If we all do that, what can they do? Civil disobedience should be our default.
Fat actors should play what they are, people Becky Williams in Empire or even, "Sierra Burgess is a Loser". The premise of the latter one has its issues, but it appears to be about a person. The trailer even features a response I can't remember being highlighted when someone comes at you with ire that should knock you over, only to respond in a calm even distracted manner.
Whoever wrote that seems to be observing someone closely enough to spot that. Whether good or bad that's the most important thing writers need to grasp with any people. Leave your stereotypes, jettison 'obesity' its bollocks and has nothing to do with real people.
Observe people, truly observe, you will be surprised and inspired. If you wrote from there, you would blow everyone away.

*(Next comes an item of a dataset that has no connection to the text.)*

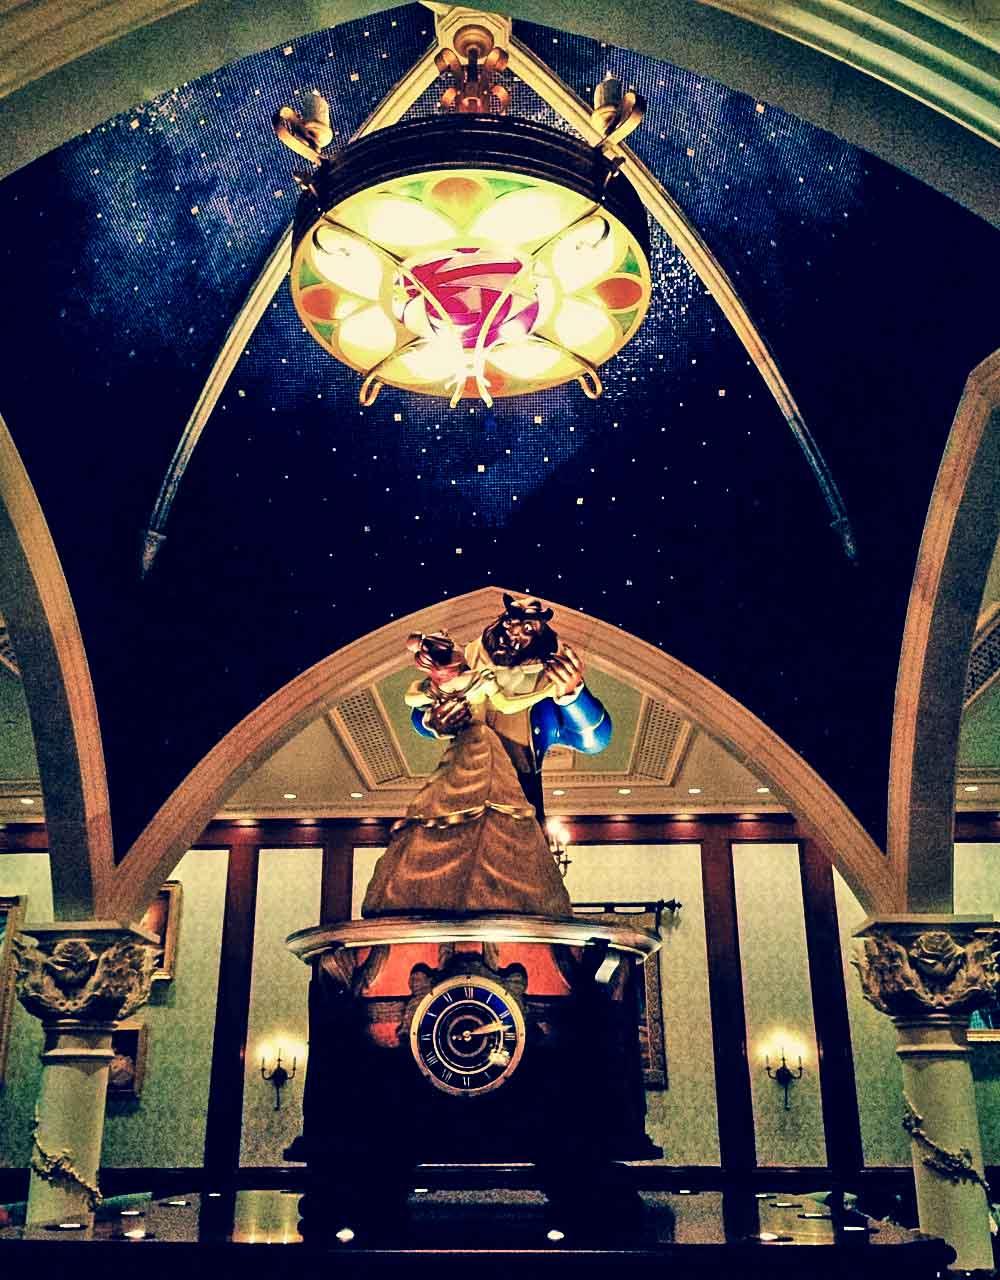 A Bela e A Fera dançando, dentro do Be Our Guest Restaurant
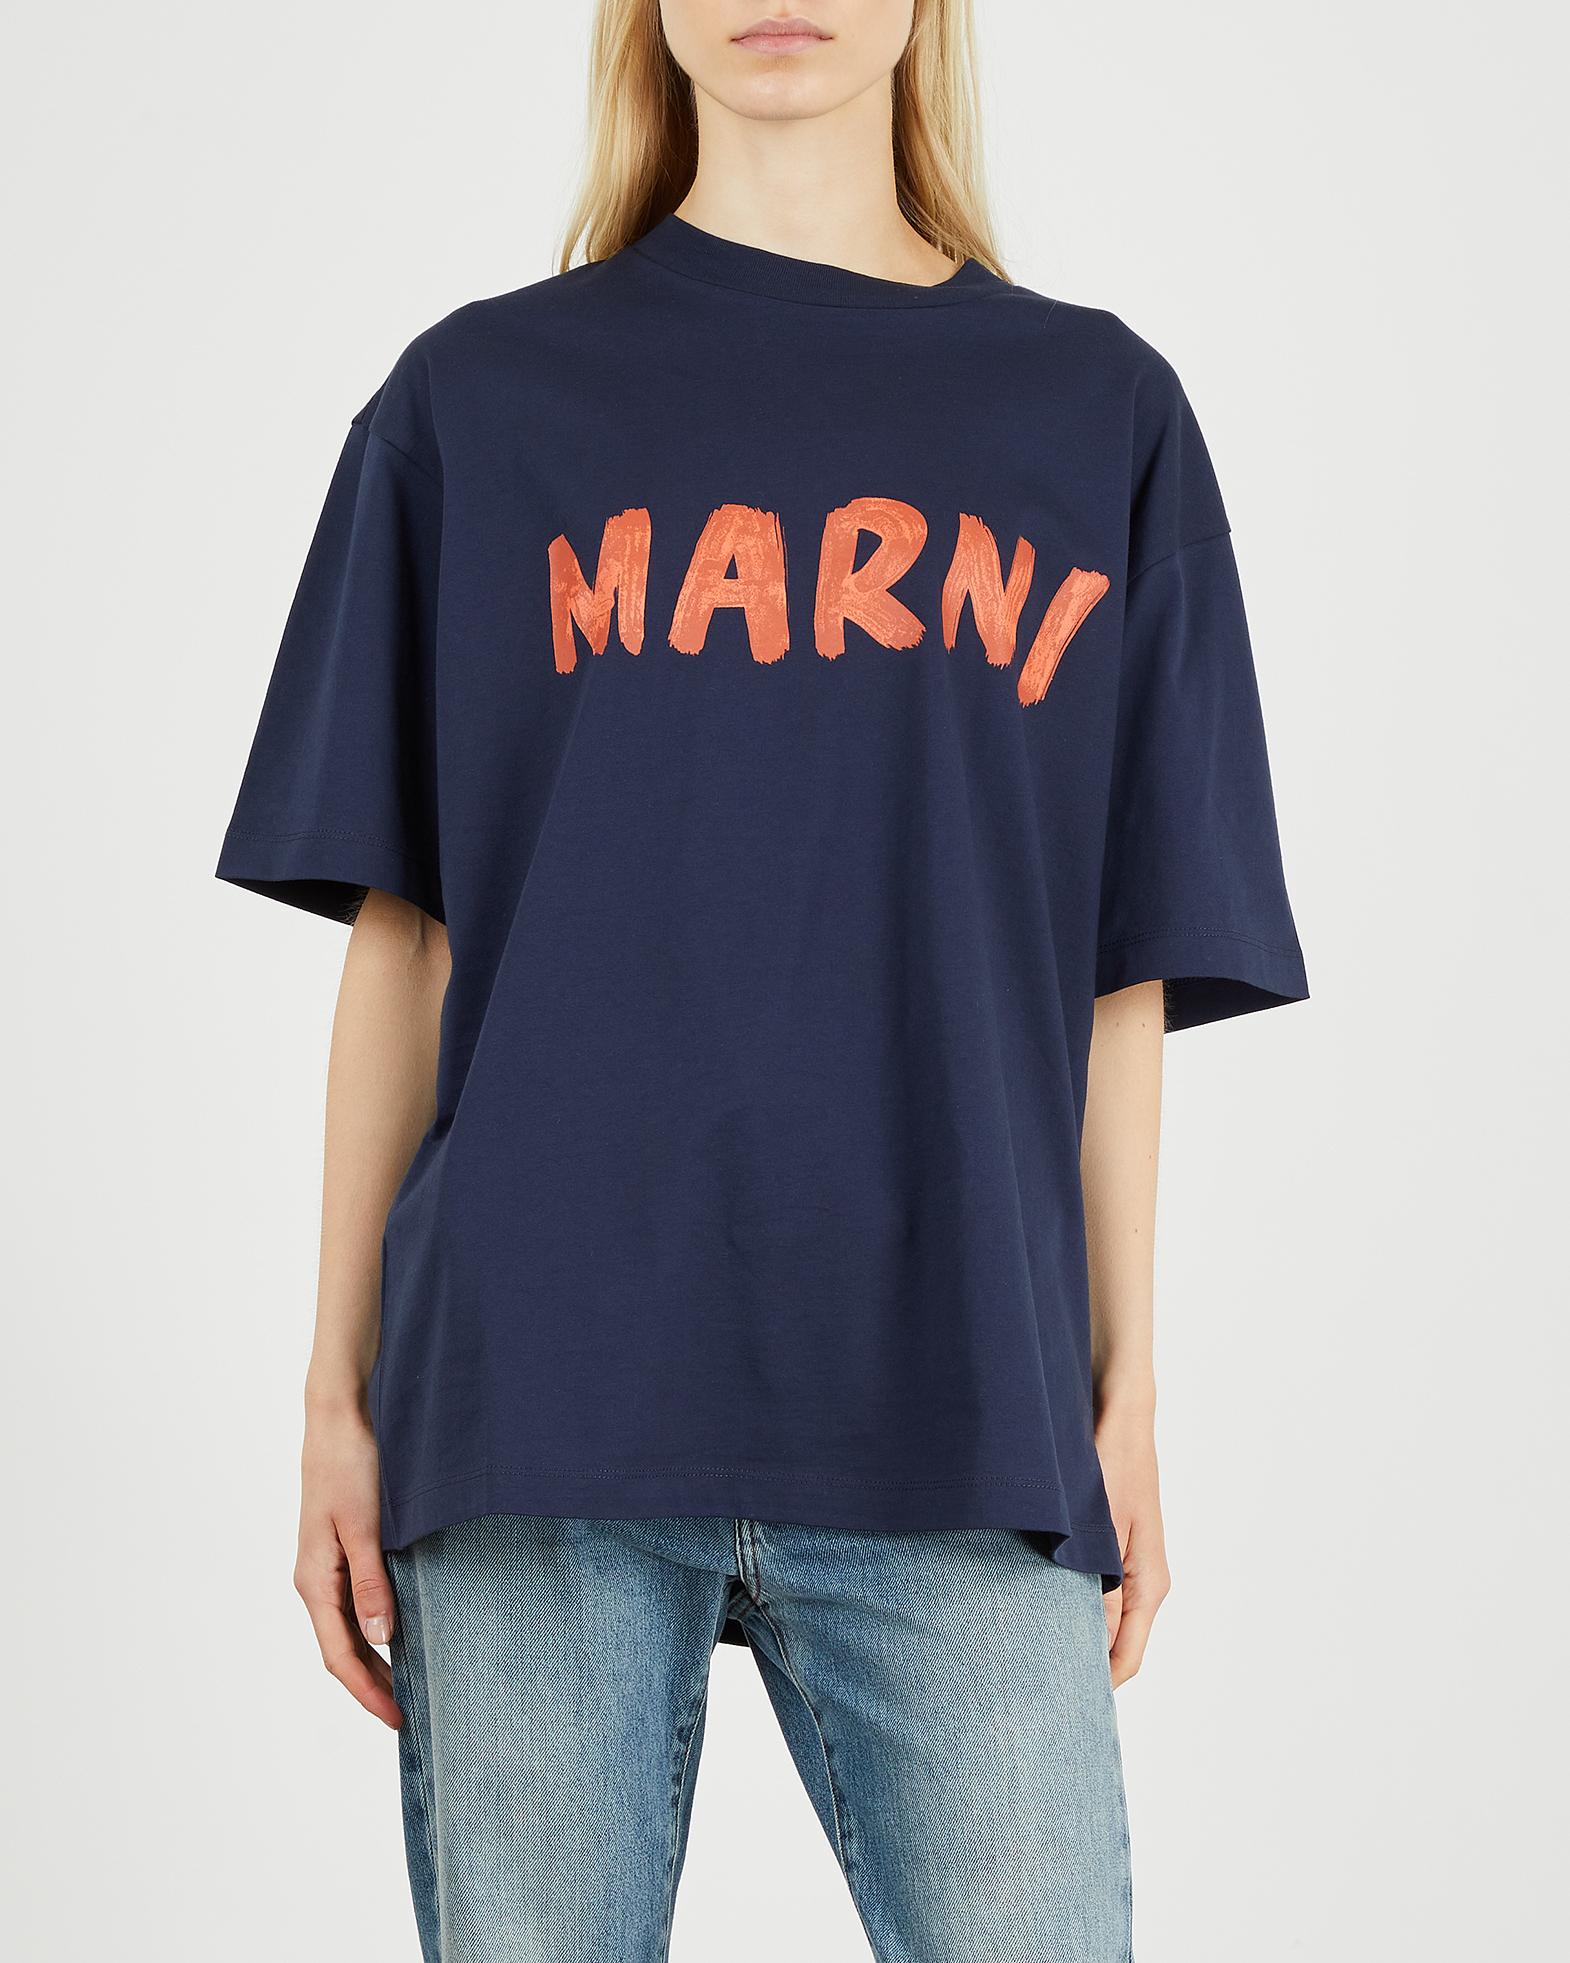 Marni Topp blå IT 38 (EUR 34)

Fat people are bullied, unbullied and even bullies, but all fat people look at themselves through this lens-until they stop, against the grain, including their own. This would not be happening if this was simple bullying. The rage shown in the trailer for Insatiable is about that, not being fat. It comes from being subject to what you know is unjust treatment and the frustration of not knowing how to stop it.
Fat people don't want revenge, their own lens the same as its other people's, they feel what is being said is fair comment. They wish to resolve their "faux pas" as swiftly as possible. The pain is similarly acute, but its of feeling that you are falling short morally or ethically.
That's another difference full of possibilities for those keen and clever enough to observe it.
Not being able to look through oneself as a whole being, creates a basic dissonance at the root of one's sense of self that 'sensitizes' making other things stick that otherwise wouldn't.